I believe in the future of the country, have friends who live in Mexico City, who I visit often, who are thriving and safe. I never mentioned needing financing or anything else. I'm just curious about what areas have great value for a family like mine with kids. 

I really like Coyoacan but don't know how to make it work without buying an intensive project like a home, also homes there are quite expensive. 

That leaves Condesa and Polanco. Roma sur is too urban for us. Polanco is urban but has Chapultepec and many families. 

Thank you for your positive thoughts.


----------



## GARYJ65 (Feb 9, 2013)

chicois8 said:


> Spanish electro band Delorean kidnapped and held hostage by notorious Zetas drugs cartel after playing at a Mexican music festival | Mail Online these are the kidnappings that usually go un reported:


Come on, crime is much lower in Mexico than in the US


----------



## JoanneR2 (Apr 18, 2012)

DrDave said:


> We've made 25 trips to Mexico starting in 2001. We've been to Mexico City - 5 times, Cuernavaca, Oaxaca, Huatulco, Tepotzlan, PV, Cancun, Tulum, Acapulco, Ixtapa/Zih, Guadalajara, Chapala/Ajicic, Veracruz, Xalapa, Matamoros, Manzanillo, Costa Nayarit, Costa Allegre, Taxco, Puerto Escondido etc. Almost all our trips involved rental cars and extensive driving in rural and urban areas. I've never had a problem with safety but I appreciate that Mexico is dangerous, just like the USA. I believe in the future of the country, have friends who live in Mexico City, who I visit often, who are thriving and safe. I never mentioned needing financing or anything else. I'm just curious about what areas have great value for a family like mine with kids. I really like Coyoacan but don't know how to make it work without buying an intensive project like a home, also homes there are quite expensive. That leaves Condesa and Polanco. Roma sur is too urban for us. Polanco is urban but has Chapultepec and many families. Thank you for your positive thoughts.


I lived for a short while in Polanco when I arrived in the city and am now in Condesa. My company security briefing said that Polanco was more dangerous to walk around at night but I can't say that I ever felt threatened when I was there. I certainly find Condesa to be safe and feel comfortable walking around. However, it is sensible to be careful wherever you are. Coyoacan is lovely but , for me, too quiet and you need to use a car to get around more. Hope you find what you are looking for.


----------



## DrDave (Oct 22, 2013)

JoanneR2

great post, are you owning or renting in Condesa? 
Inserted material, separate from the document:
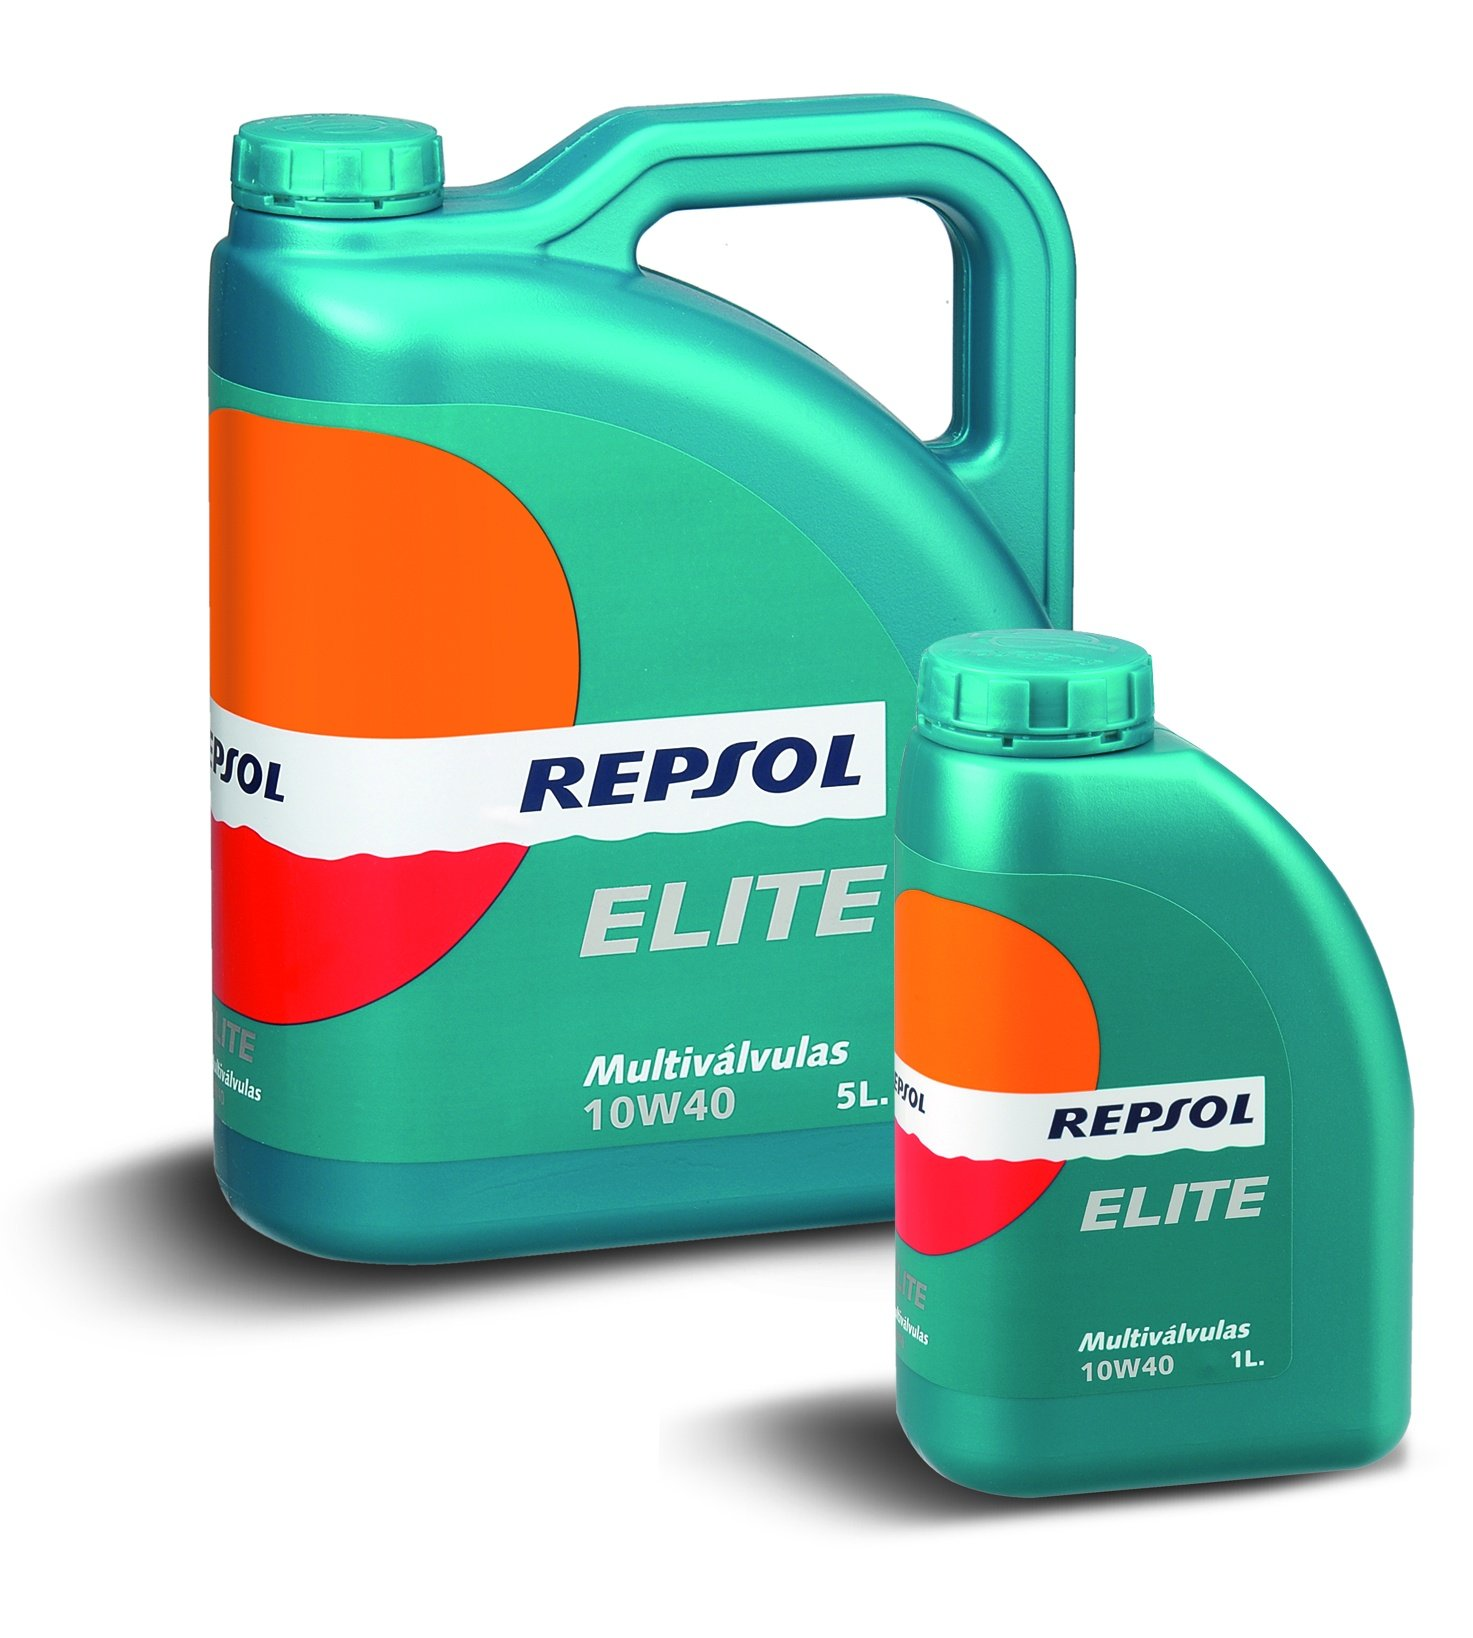 Repsol Elite Multivalvulas 10w-40 4 л

do you know a good real estate agent i can talk to ?


----------



## ElPaso2012 (Dec 16, 2012)

kito1 said:


> I would consider renting a furnished short term flat, at a higher rate for awhile while you look for a place if I was you.


I might rent a while, too, before buying anything just because of the hassle of unloading it if I want to move to another city or even across town. Talking to the locals a while who are familiar with the real estate market would yield a lot of gems in terms of information about what's available and who to trust. But maybe that's because I'm pinned down right now trying to sell out in the US in order to make the final leap. 

It sounds like you and the whole family are geared up and ready for Mexico! So best of luck to all of you.


----------



## Detailman (Aug 27, 2011)

The best advice you have been given, in my opinion - but based on thousands of similar posts, is to rent prior to buying so that you are not tied into a particular neighborhood or city that you decide is not really the best for you.

Houses are easy to buy but not too easy to sell, especially if you have paid ****** prices. Some sales take years to accomplish unless you want to take a considerable loss. Things are not the same in all countries.

If you read previous posts, and that is so simple to do, you will find numerous comments on the importance of renting before you buy or at least examining many locations before you buy. The reasons are numerous and they are all mentioned in previous posts, so I will not even attempt to enumerate them here.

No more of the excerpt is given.